CS 194 Project 1: Image Manipulation and Computational Photography

Background:

Sergei Mikhailovich Prokudin-Gorskii (1863-1944) as early as 1907 was convinced that color photography was the wave of the future. Thus, he traveled across the vast Russian Empire taking color photographs of everything: people, buildings, landscapes, railroads, bridges and more, capturing thousands of color pictures! His idea was simple: record three exposures of every scene onto a glass plate using a red, a green, and a blue filter. He envisioned special projectors to be installed in "multimedia" classrooms all across Russia where the children would be able to learn about their vast country. Yet, his plans never materialized as he left Russia in 1918. Luckily, his RGB glass plate negatives, capturing the last years of the Russian Empire, survived and were purchased in 1948 by the Library of Congress. The LoC has recently digitized the negatives and made them available on-line.

Goals for the Project:

Take the provided and chosen Prokudin-Gorskii's glass plate images as an input and produce a single color image as output. The program will divide the image into three equal parts and align the second and the third parts to the first. For each image, we will also print the (x,y) displacement vector that was used to align the parts.
Align the parts by exhaustively searching over a window of possible displacements, and score each one using some image matching metric, and take the displacement with the best score.
This exhaustive search works well for smaller images, however, will start to become quite expensive for pixels with larger displacements.

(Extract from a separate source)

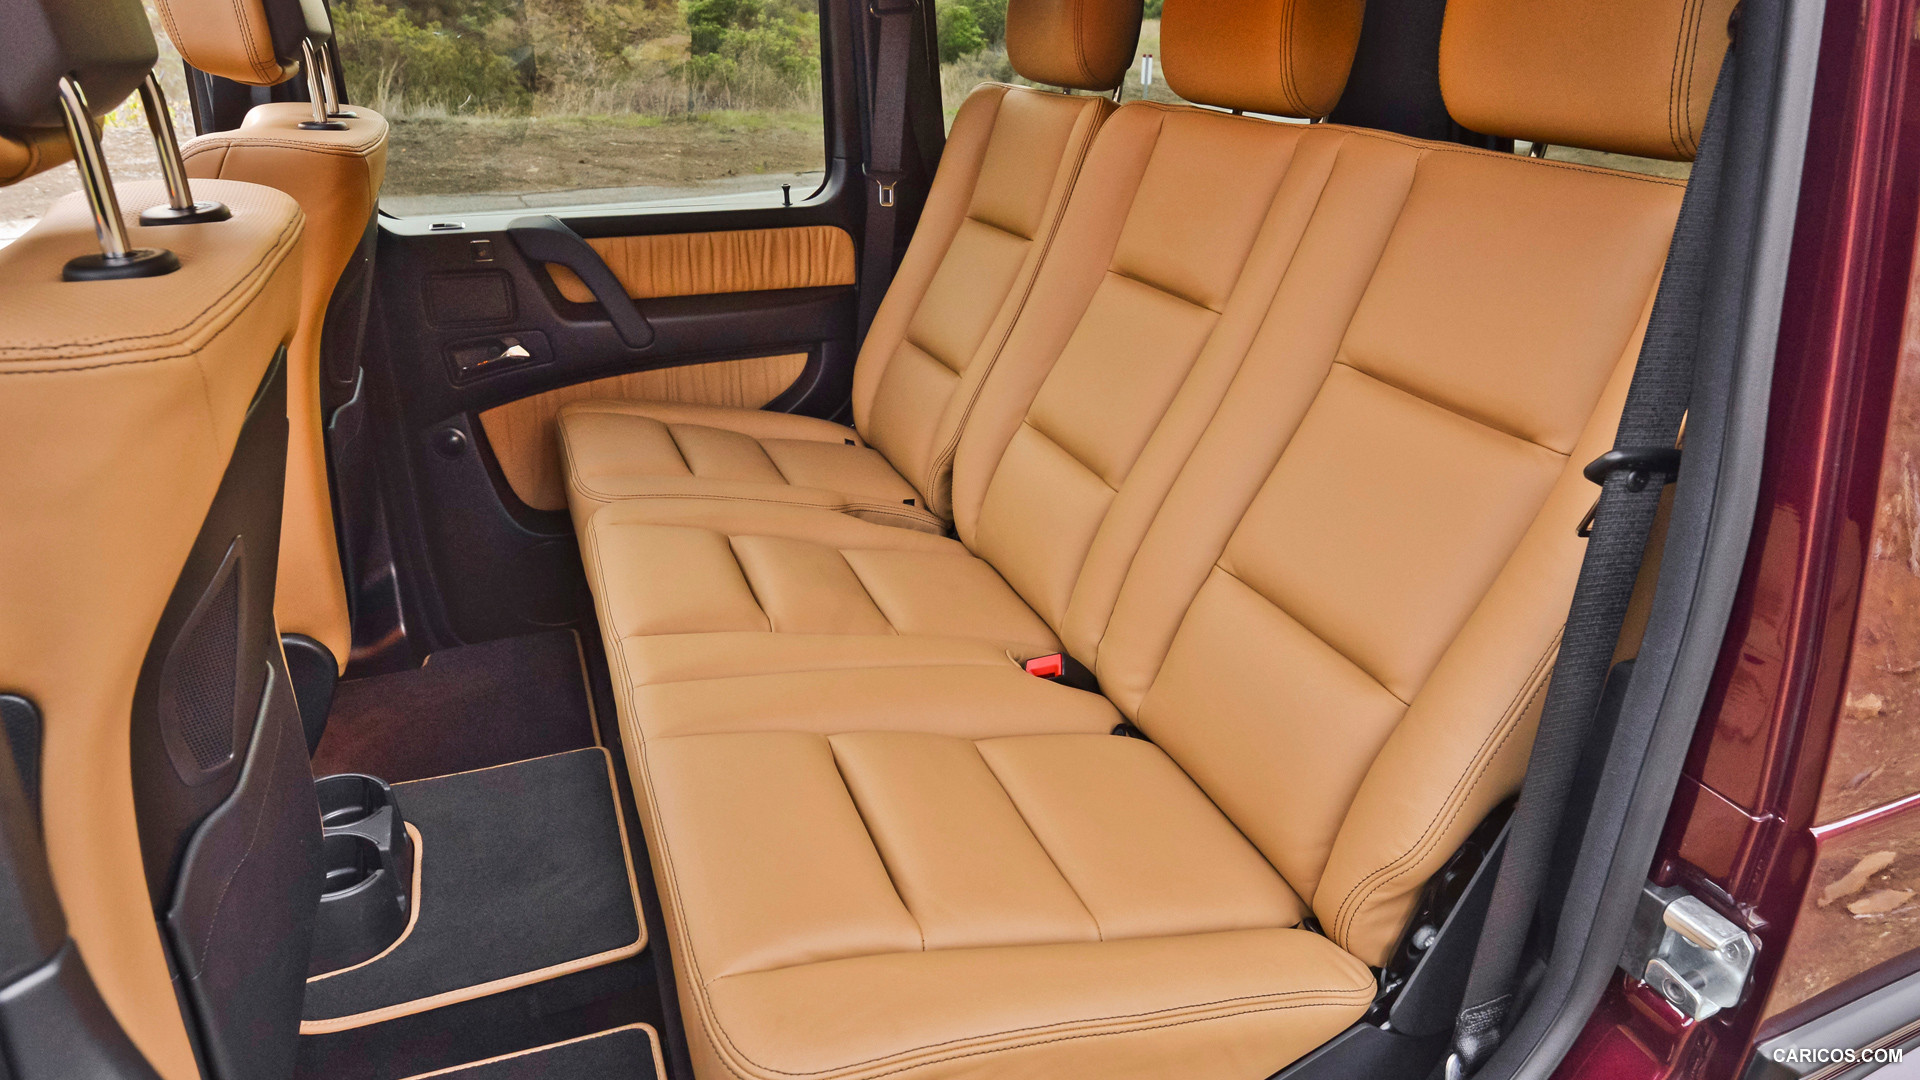 2013 Mercedes-Benz G550  - Interior Rear Seats, #69 of 73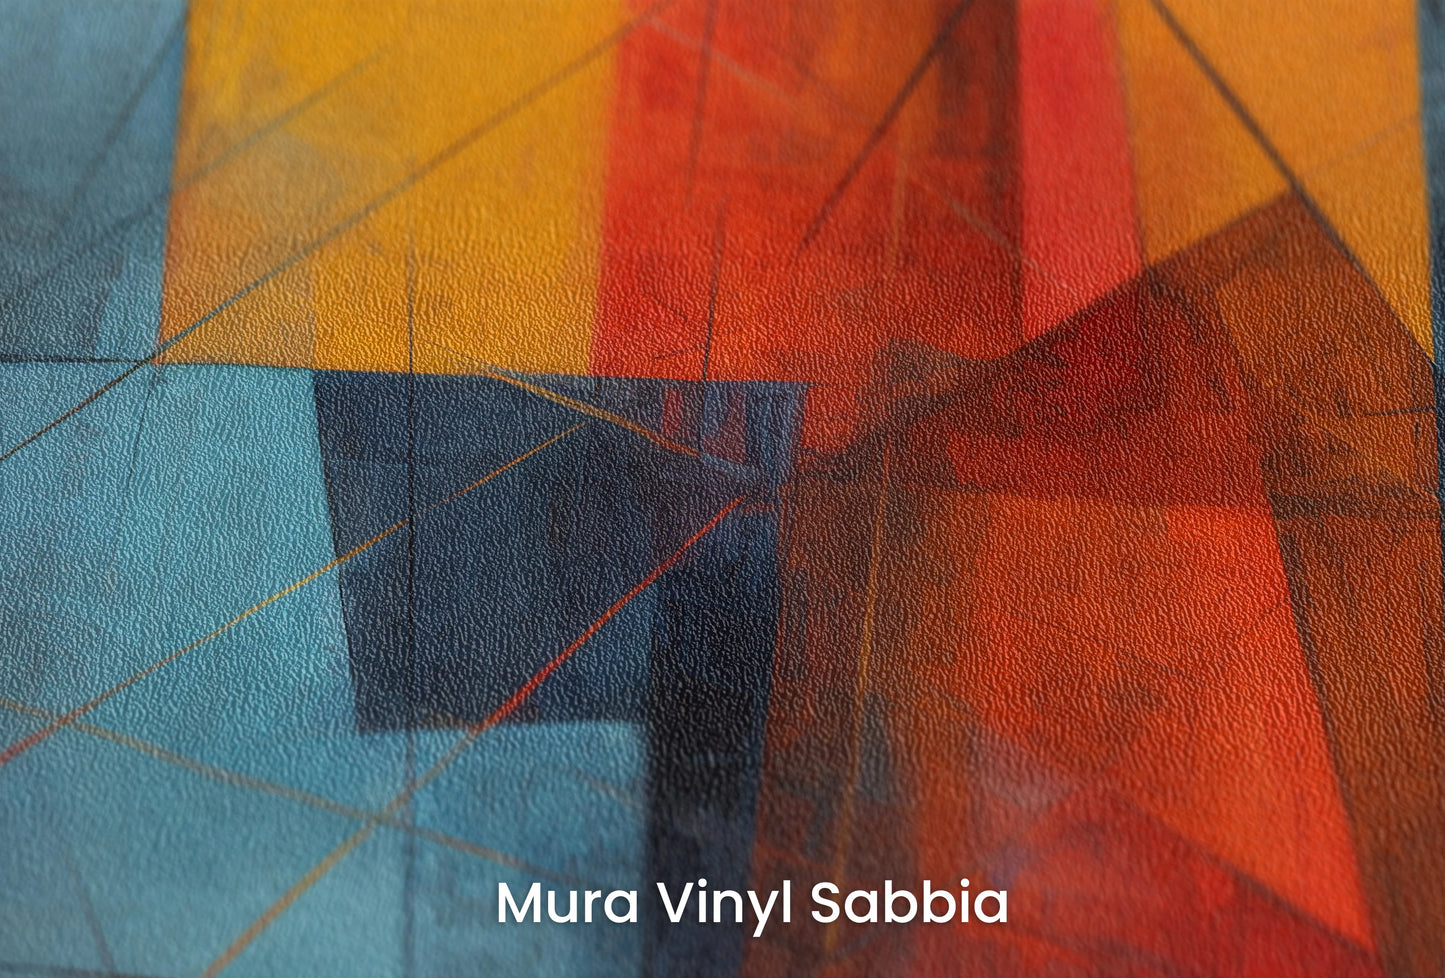 Zbliżenie na artystyczną fototapetę o nazwie Abstract Dynamics #2 na podłożu Mura Vinyl Sabbia struktura grubego ziarna piasku.

Thus, I will implement a faster search procedure with an image pyramid. An image pyramid represents the image at multiple scales and the processing is done sequentially starting from the coarsest scale and going down the pyramid, updating your estimate as you go.

Examples of Uncolored Images:

Approach for Single Scale: Exhaustive Search with L2 Norm (SSD)

As mentioned above, I began with reading in the images and dividing them into 3 separate RGB channels.(Important to note, that the filter order went BGR and not RGB and is why we aligned G to B and R to B before aligning all three images together.)
Once separated, I iteratively searched over a displacement window of [-15,15]pixels and attempted to find the best alignment and its associated displacement x and y. I did this by using L2 Norm as a metric to find the best alignment parameters, which was done by choosing the displacement that returns the lowest L2Norm (which is just taking sum of the squared differences).
This worked well for the smaller images, such as the cathedral, monastery, and tobolsk as show below. Additionally, through a bit of pre-cropping and using sobel's edge detection I was further able to fine tune the alignment to get a much better single colored image.

Cathedral

G:[5,12] R:[12,3]

Monastery

G:[-3,1] R:[3,2]

Tobolsk

G:[3,2] R:[6,3]

Approach for Multi-Scale: Image Pyramid Search

As I tried to run my exhaustive search on large images (such as .tif files) my algorithm was very slow as I had expected and explained why before. Thus, we needed to enhance and make our algorithm much more efficient.
In order to do so, I began with creating a multi_scale_alignment function, which essentially began with scaling the image to 1/8. From there I found the best x and y displacements for 1/8 and repeatedly scaled up by 2 until the scale was 1 and at the end returning the best displacement x and y.
Once I had obtained the best displacements, just like before I was able to use a bit of pre-cropping and edge detection in order to better align these larger images and generate a single colored image from the three separate channels.
One thing to note is when I was working with emir.tif using blue as the base caused it to be quite blurry compared to many other images. So, I tried alternating between red and green as the base, and found green to work much better and even for some other images such as harvesters. Thus, for these larger images I ended up using green as the base while merging blue and red before aligning. The offset will be for blue and red, unlike when we used blue as the base and had green and red for our offsets above.